Untold Stories

Telling YOUR Story and Choosing a Therapist

Why am I writing this?

I wrote an instagram post on this recently. After I posted it I was left with a sense of dissatisfaction, despite the overwhelming positive responses from colleagues. I wanted to say more, it felt unfinished, paving the way for this blog post (my first in a while). I want to talk more about the benefits of telling our stories; and at the same time I want to say that this is not enough on its own. I think it is how our story is heard by another which is most important. Finally I will talk about how this is can help you choose a therapist and get great therapy.

“There is no greater agony than bearing an untold story inside you” (Maya Angelou). 

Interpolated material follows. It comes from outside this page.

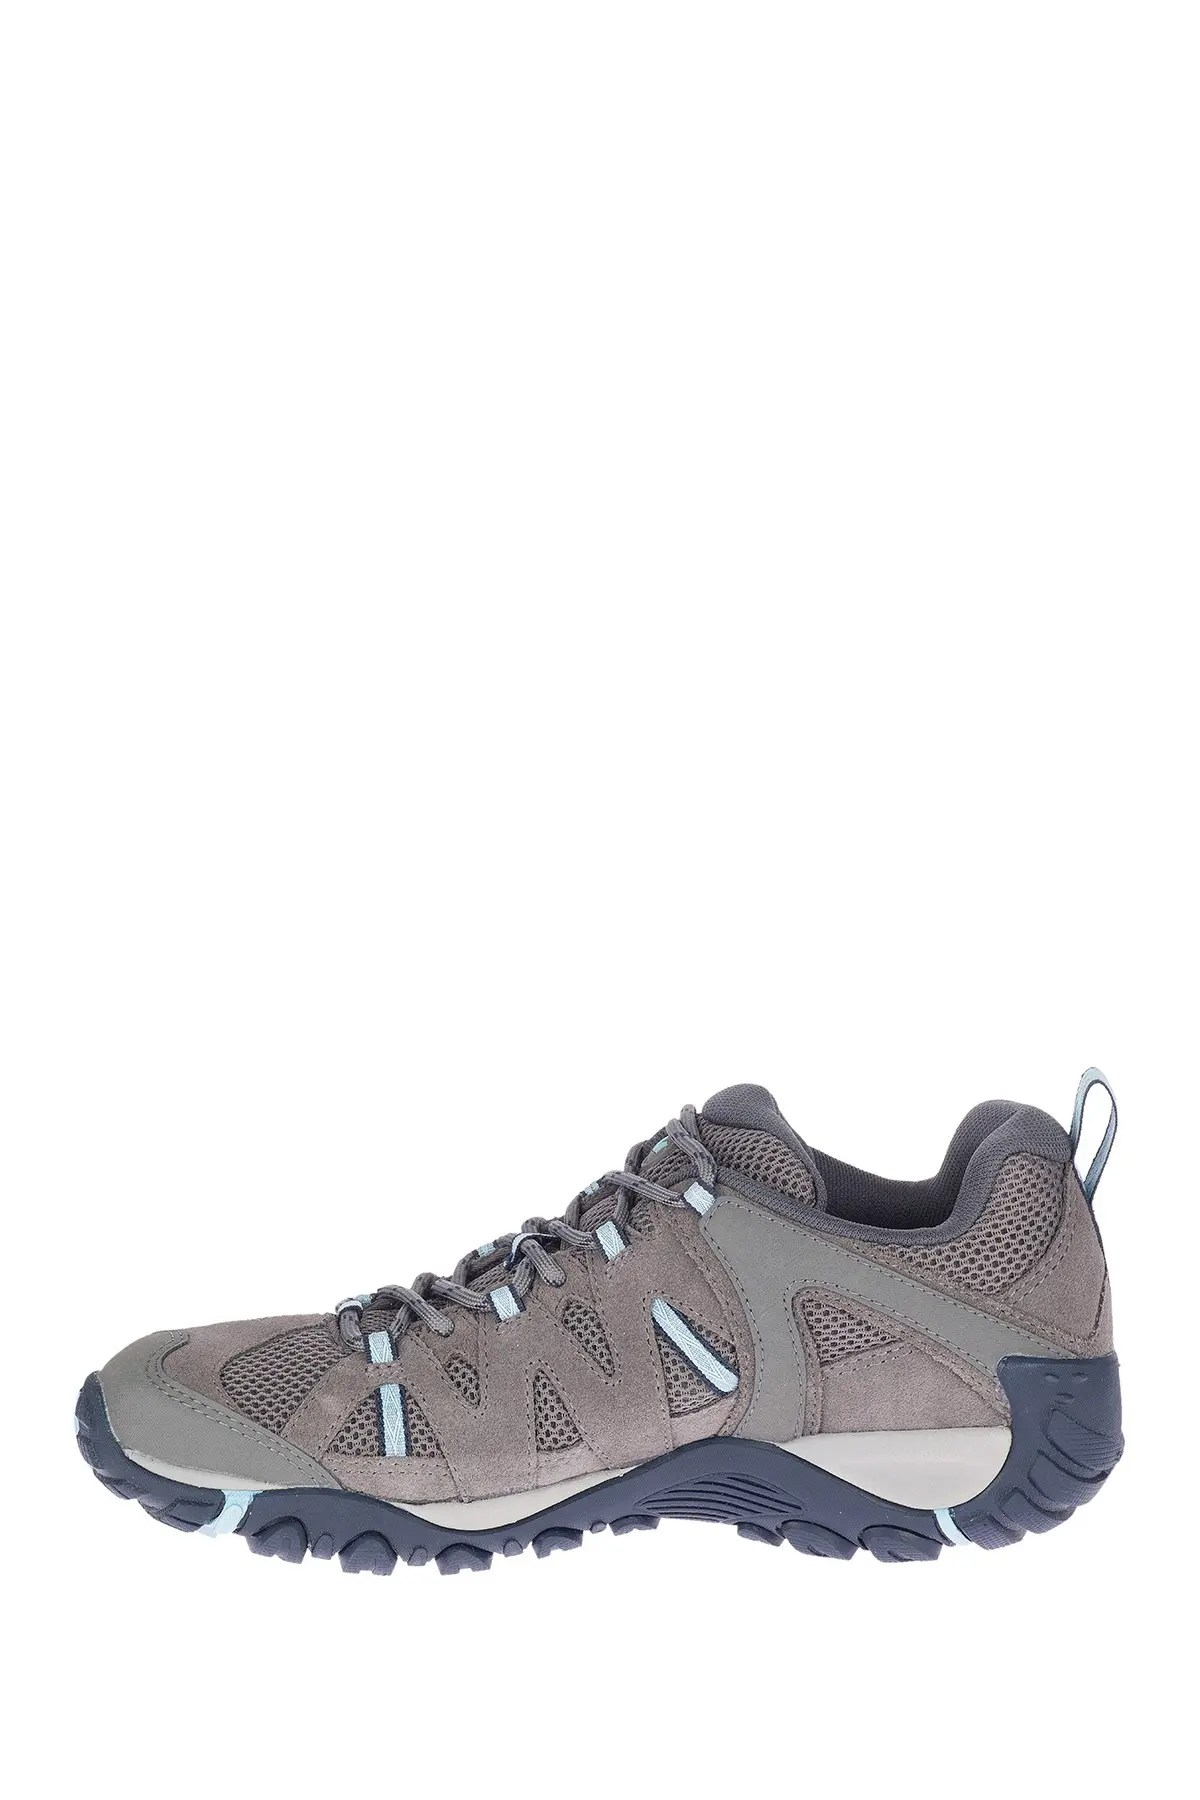 deverta 2 hiking sneaker

How do we tell our stories

One definition of a story is ‘an account of past events in someone’s life’. Maya was a civil rights activist and poet and was speaking to her experience of ‘releasing her agony’ by writing about her own suffering. Stories I hear as a therapist include experiences of  trauma, loss, lives un-lived and dreams un-fulfilled. Stories which are bound by emotions such as sadness, anxiety, grief and despair. People have tried various ways of communicating their stories before I meet with them. Sharing with family or friends. Sometimes writing things down. Journalling and writing about emotional expression can help people with low mood or depression. Or gratitude journaling, perhaps as an antidote to sadness. Reading other’s similar stories to our own can also be helpful, this is often the basis for self help books, and can validate our own emotional responses and also learn about what helped those who have gone before you. You can tell I think telling stories is important. However, I believe it is how our story is heard by another which is more fundamental to helping us feel better. I think that is the experience people are seeking for when they look for therapy.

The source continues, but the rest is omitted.